Here the job is to transcribe the data exactly while omitting the images.

→ **INFORMATION SHOWN**
----------------

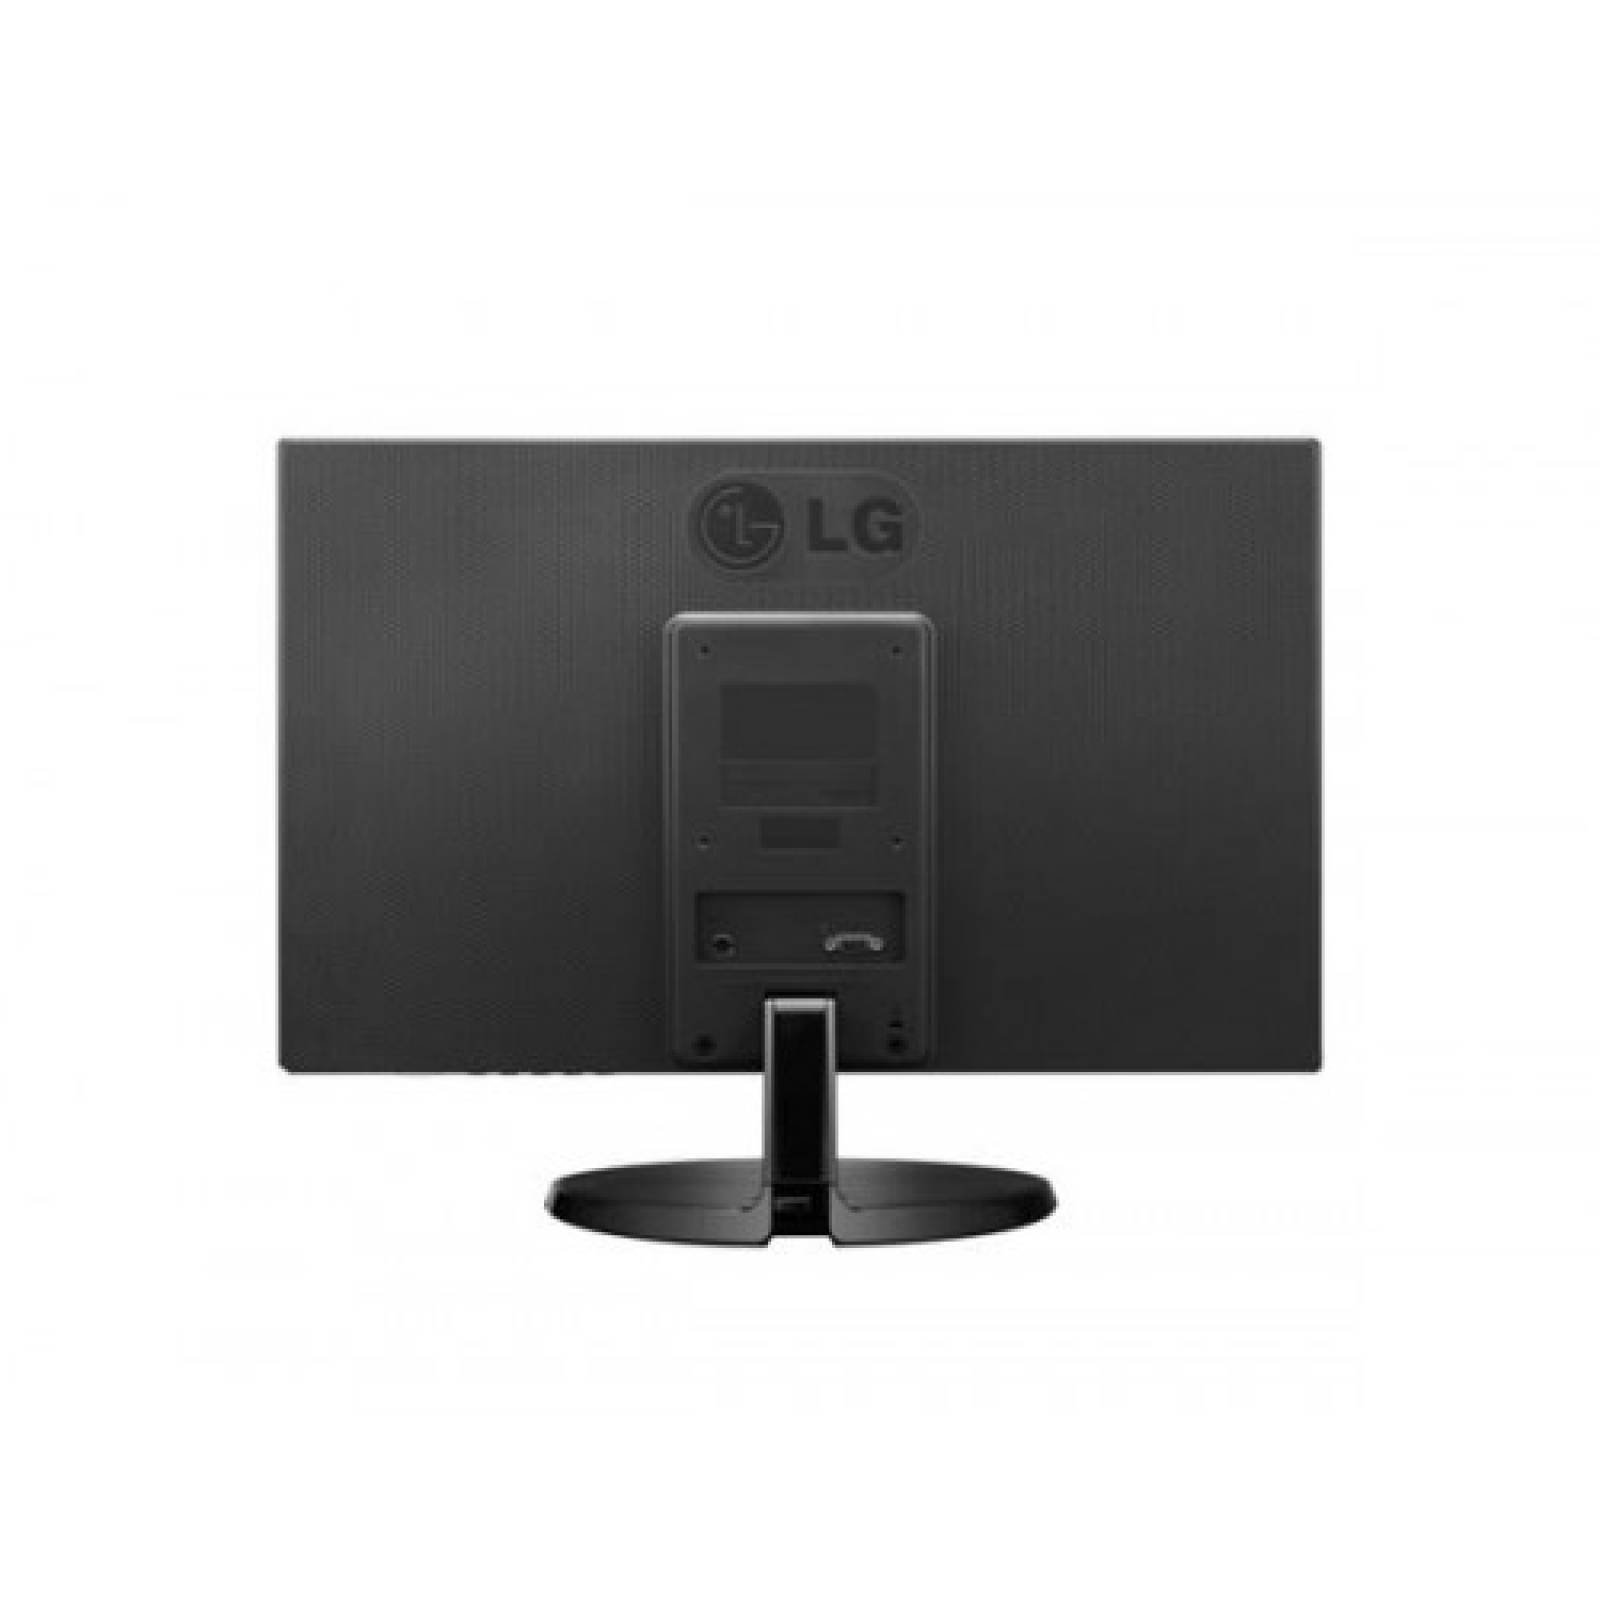 Monitor LG 19 Led HD VGA 19M38A
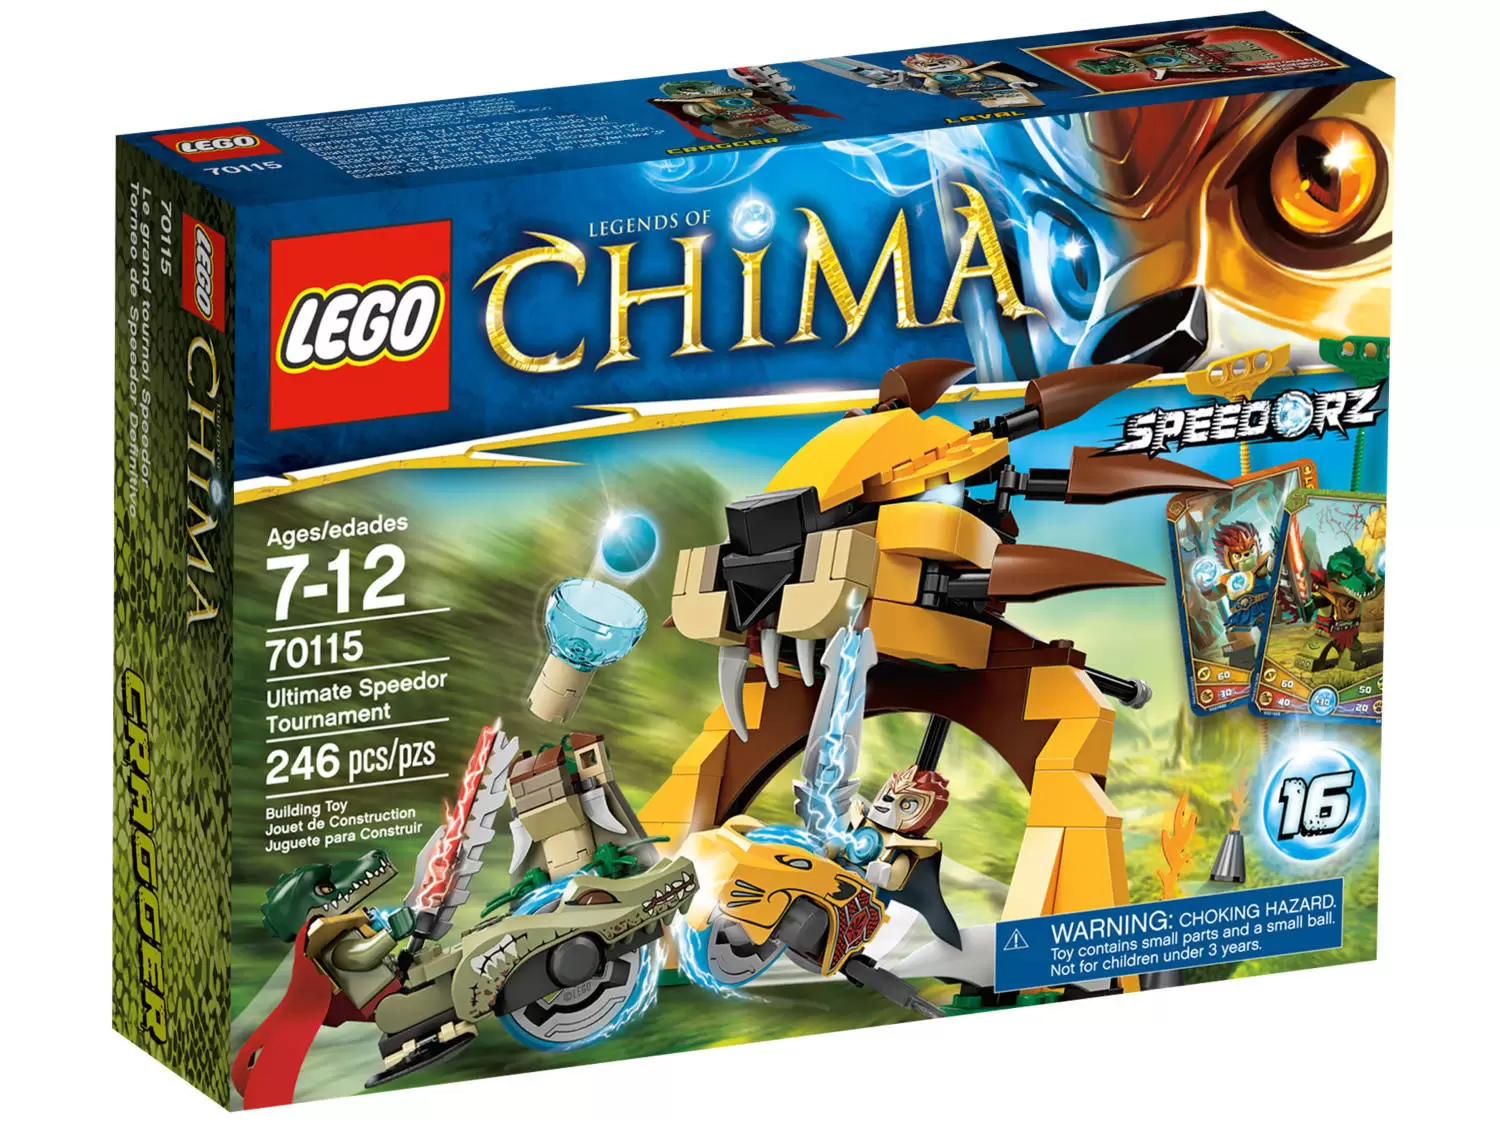 LEGO Legends of Chima - Ultimate Speedor Tournament
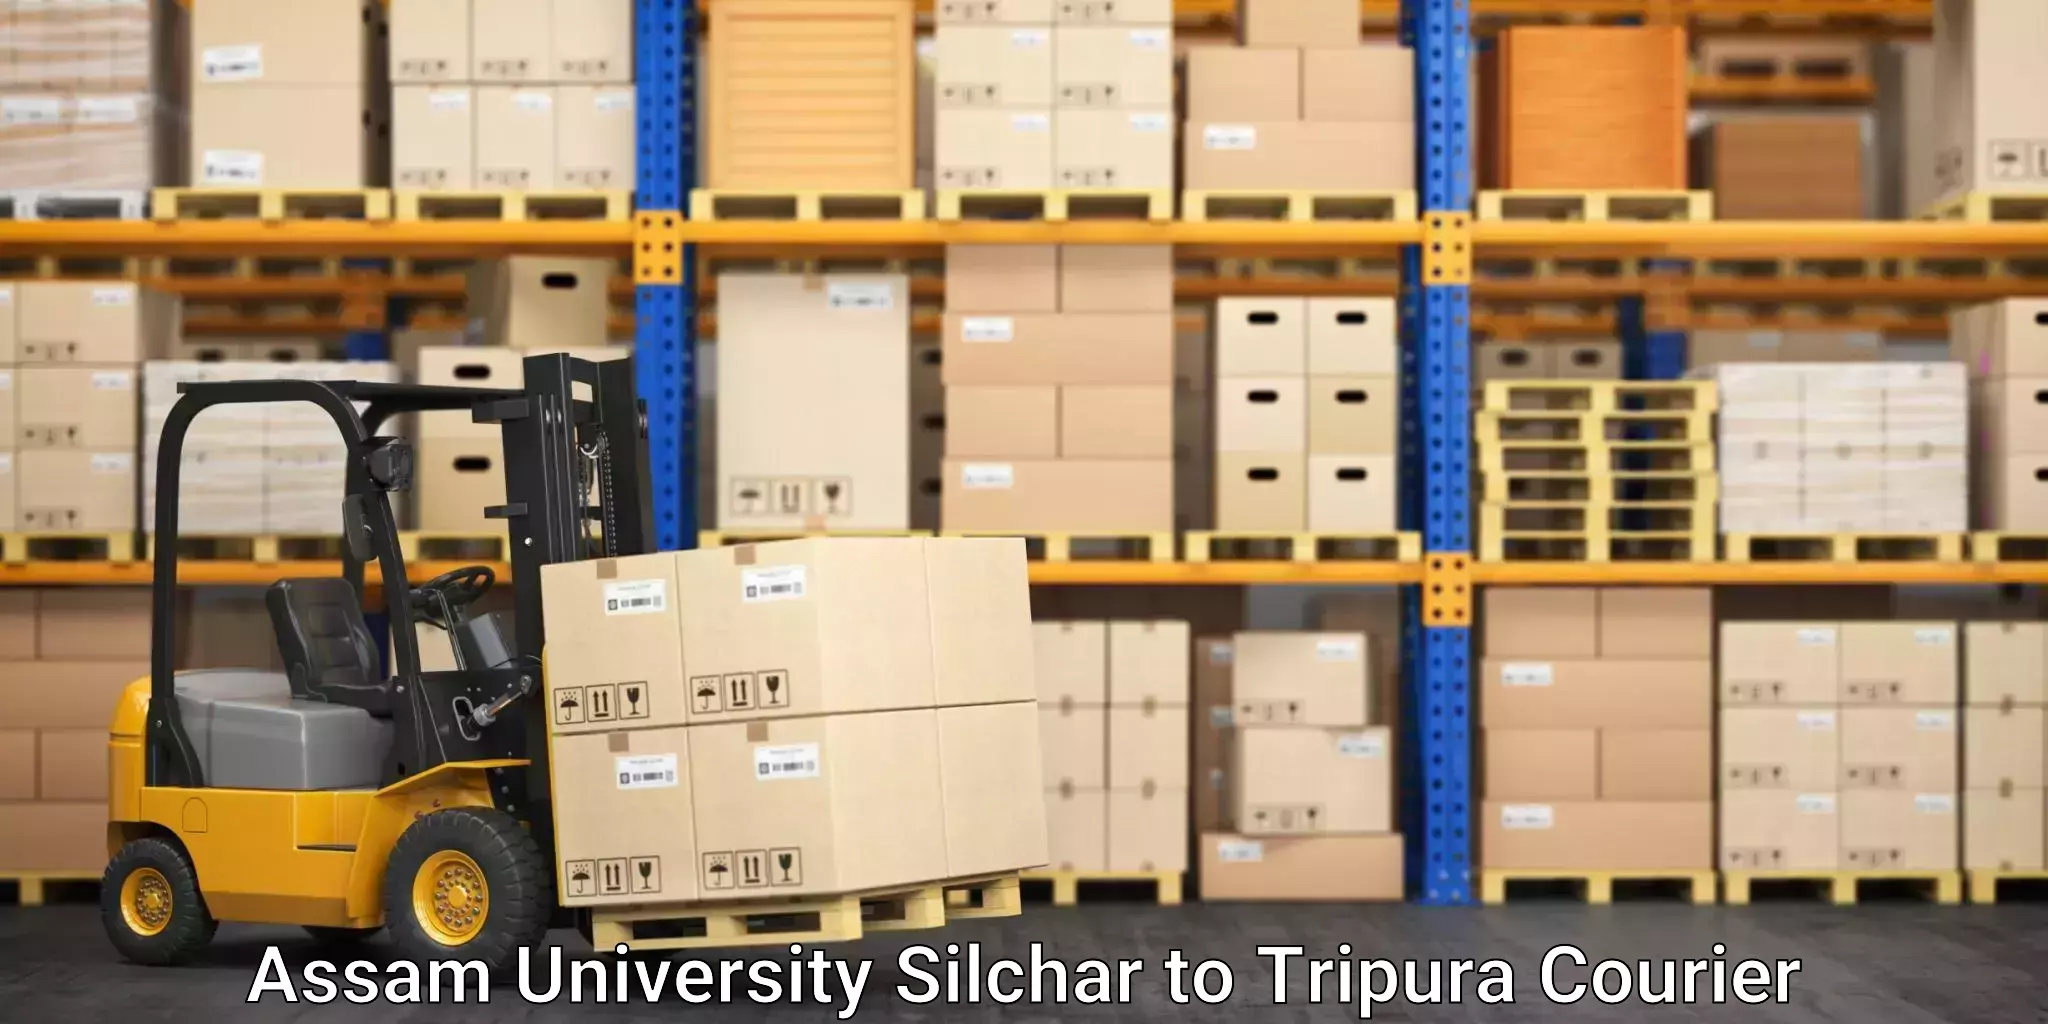 Multi-modal transport Assam University Silchar to Agartala

----------------

→ **FINAL ANSWER**
 Monitor LG 19 Led HD VGA 19M38A
 LEGO Legends of Chima - Ultimate Speedor Tournament
 Multi-modal transport Assam University Silchar to Agartala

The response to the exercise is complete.